Sunday 20 November 2011

A Silent Day.


“Boull Shyth!” That was a completely drunk me trying to say ‘Bull Shit’, and arguing with a friend of mine, Aryaan, during a football match we were watching at a bar. The club we were supporting had been awarded a free-kick, but it was very far from the goal, scoring from that kick was next to impossible. “I’ll do anytheeng if we ssscore, anytheeeeng. I’ll give youu one lac crore ruupeesss if whee score thees…”Okay I agree it wasn’t my finest moment, but c’mon you got me, right? It was impossible to score!

“I’ll do anytheeeng…ifff…he scoresss…anytheenngg…anythh…” I hadn’t finished my sentence and the whole bar erupted, they jumped from their seats and the commentator went berserk, saying “Are you kidding me? Did that really happen? How on Earth did he score that?”….

I tried to make myself believe that this was one of the pranks which alcohol plays on your senses when too much of it gets inside your system. But it wasn’t. I was left stunned. I looked pretty much like the ‘straight-face’ emoticon of the BlackBerry Messenger instant messaging system, stunned not only in awe of the goal which I just witnessed, but also losing a bet which had the odds completely in my favor. I was convinced it was more of the latter.

I was trying to avoid eye contact with Aryaan, who had a dirty ‘you-owe-me-big-time’ smirk on his face. “Okay okay, what do… youuu want meee to…do?” I asked him in a defeated tone. After much thinking, Aryaan said “You won’t speak for 24 hours, starting tonight, from midnight.”

I hardly could believe my ears, I literally asked him to repeat himself. ‘Aah! Cakewalk! What a waste of an opportunity. Dumb Aryaan, this should be very easy.’ I was celebrating in my head. But, I had no idea how hard the day ahead of me was going to be.

The first tryst with my muteness came when I had to hire a rickshaw to get home.
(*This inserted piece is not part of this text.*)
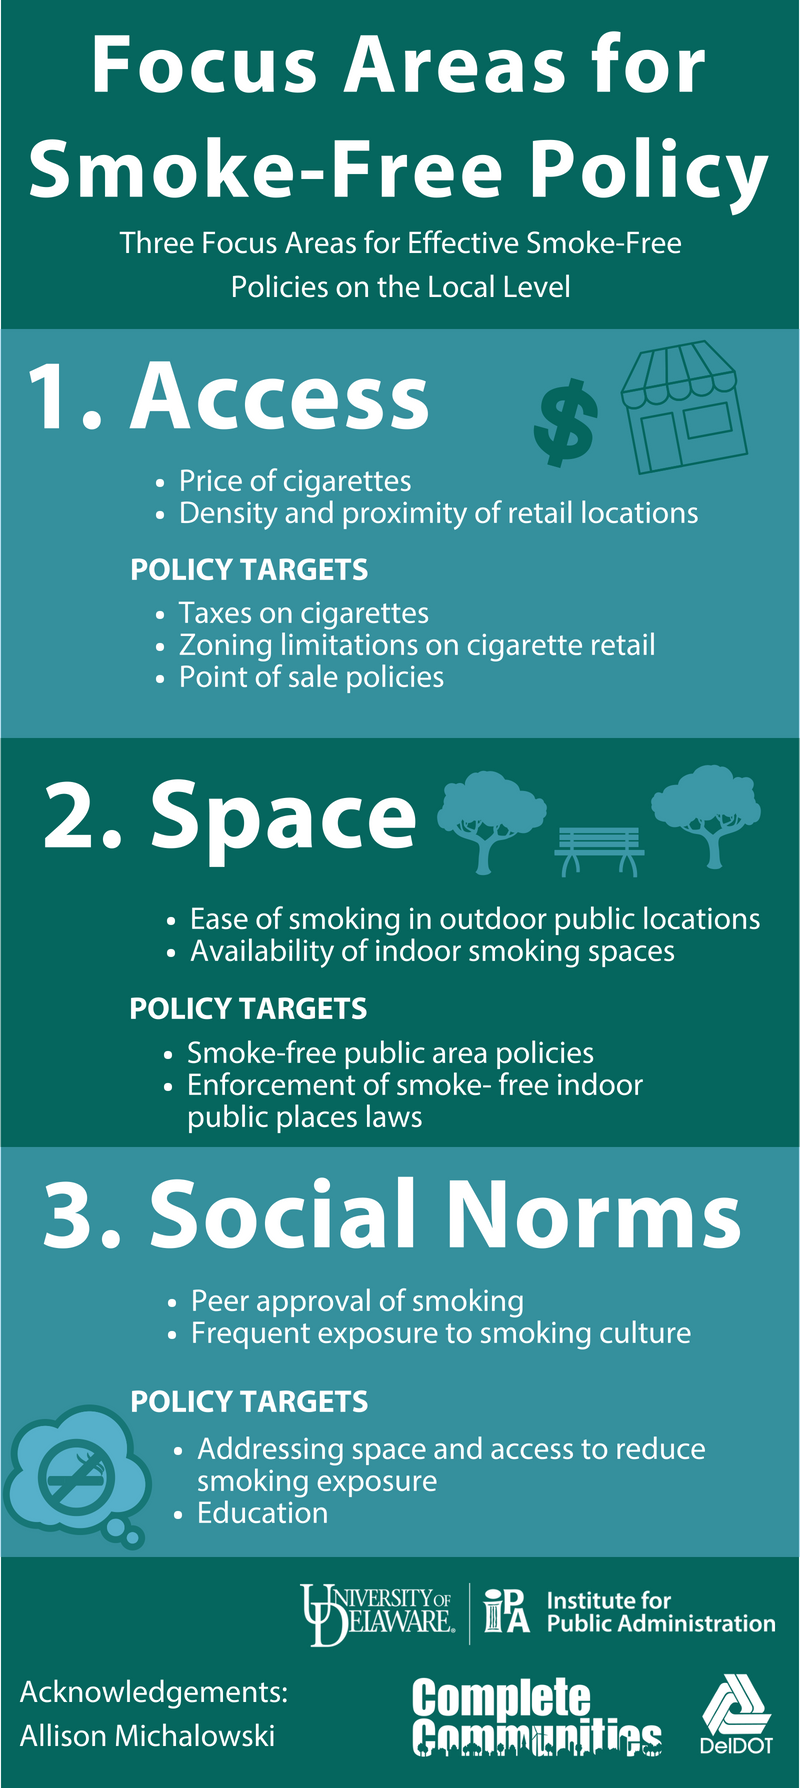 Three Focus Areas for Effective Smoke-Free Policies on the Local Level: 1. Limiting Access by increasing prices and limiting zoning for retail, 2. Restricting the locations where smoking is acceptable, 3. Changing the culture and social norms so that smoking is not desirable.

Though I luckily found a rickshaw right outside the bar, telling him the destination was my first hiccup. I typed out ‘Lokhandwala’ on my cell phone and showed it to the rickshaw driver, feeling very very stupid. Maybe this wasn’t as easy as I thought it would be.
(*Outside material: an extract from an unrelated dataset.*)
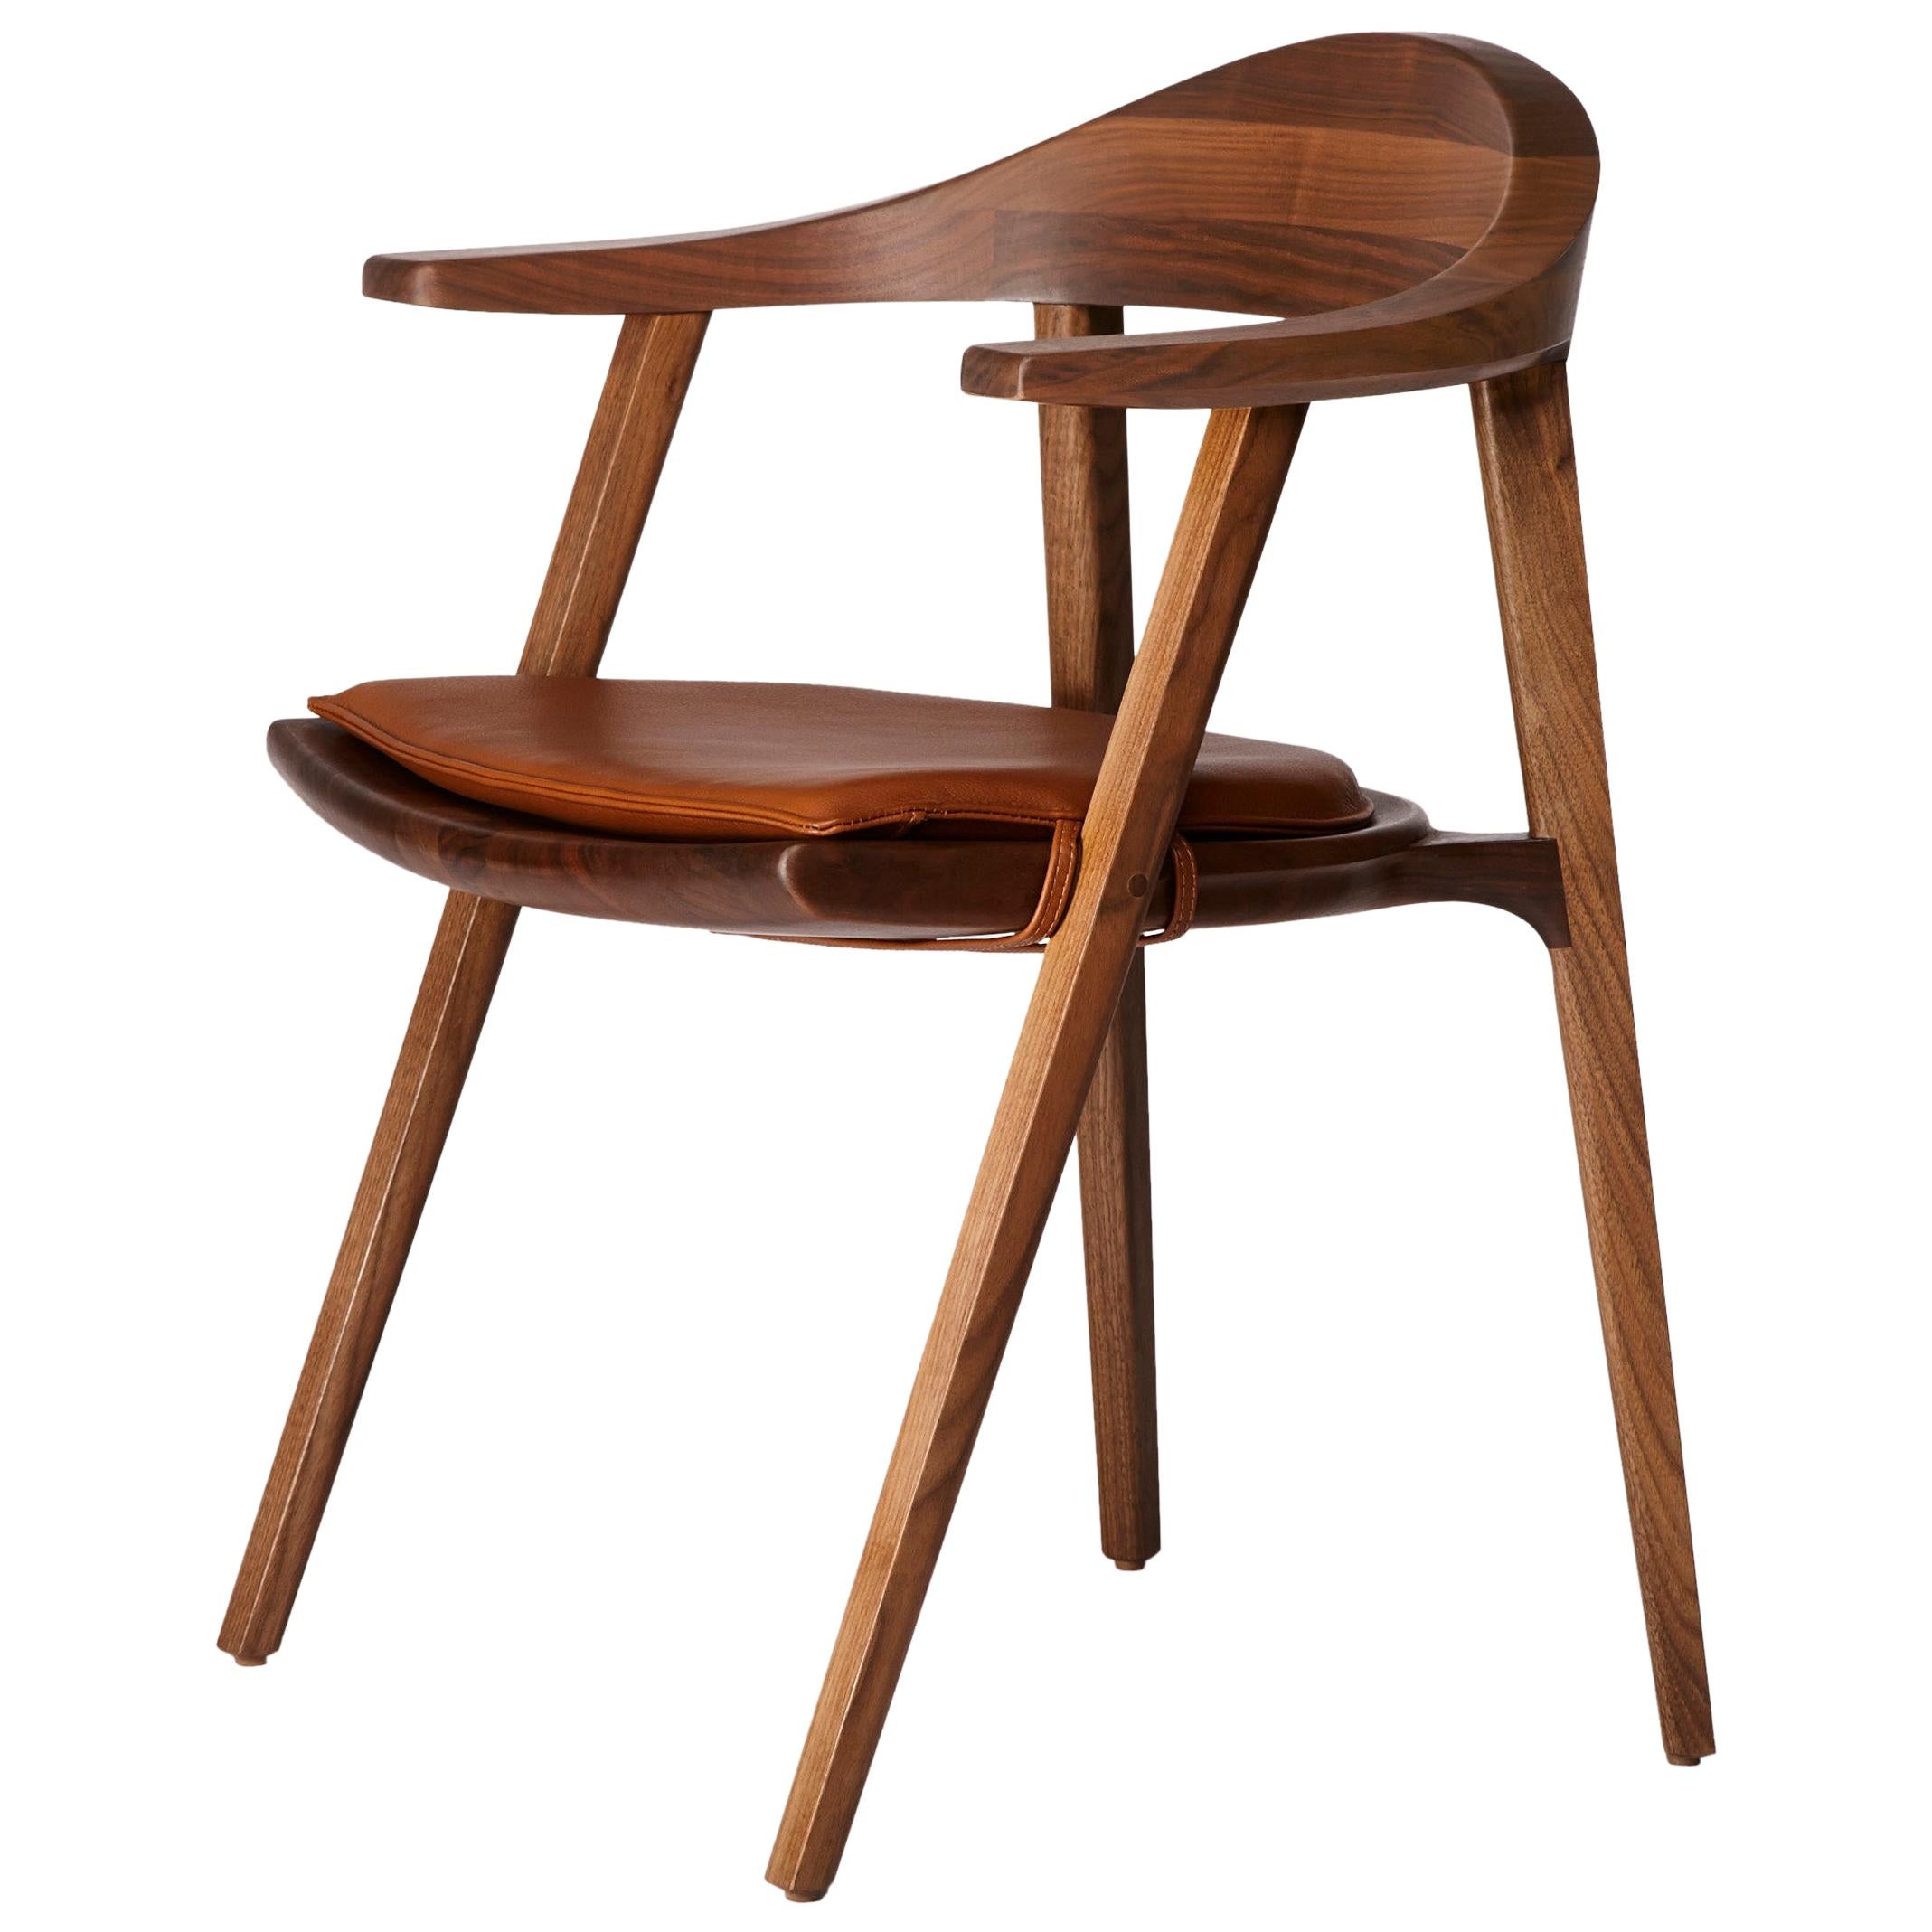 Mantis Chair in Solid Walnut with Leather Cushion Designed by Craig Bassam

An abrupt sleep is the last thing I want after a drunken night, and an abrupt sleep is what I got. My brother poured drops of cold water right inside my ear, ‘just for kicks’! I was going to explode, ready to unleash the vast repertoire of swears in my arsenal, but I somehow managed to stop myself in time. ‘Aaaarrgghhhhh!’ I let it out in my mind. Smart boy, Aryaan. I said to myself.

I put up a ‘Can’t talk. Please text.’ status throughout the whole day. I didn’t go anywhere that day, until I got a message from Aryaan saying -

‘Meet me at 11 PM. Same place.

P.S – I somehow resisted calling you. Haha.’




Aryaan the Bitch.

I entered the bar, for the first and the last time, clutching a bundle of A4 sized blank sheets and a pen. I scribbled ‘1 KingFisher jug’ and handed it to the bartender, drawing shocking as well as sympathetic looks from the bartender and onlookers. Aryaan walked in, beaming with pride, and started bombarding me with his dirty tactics to make me speak. I just sat there drinking my beer quietly, with one eye on the clock, desperately waiting for 12 to strike soon.

It was 11.59 PM, and Aryaan kept trying to get something out of me. “Chirag, bro why aren’t you talking? What’s up?” WACK!!!! The entire bar went silent for a few moments. I had whacked him straight across his face.

“Nothing bro, by the way that’s going to hurt, maybe for a couple of days. That’s what’s up.” I spoke, after one whole day.

I looked up at the clock – 12.01 AM. “Aah, that felt good!” I exclaimed.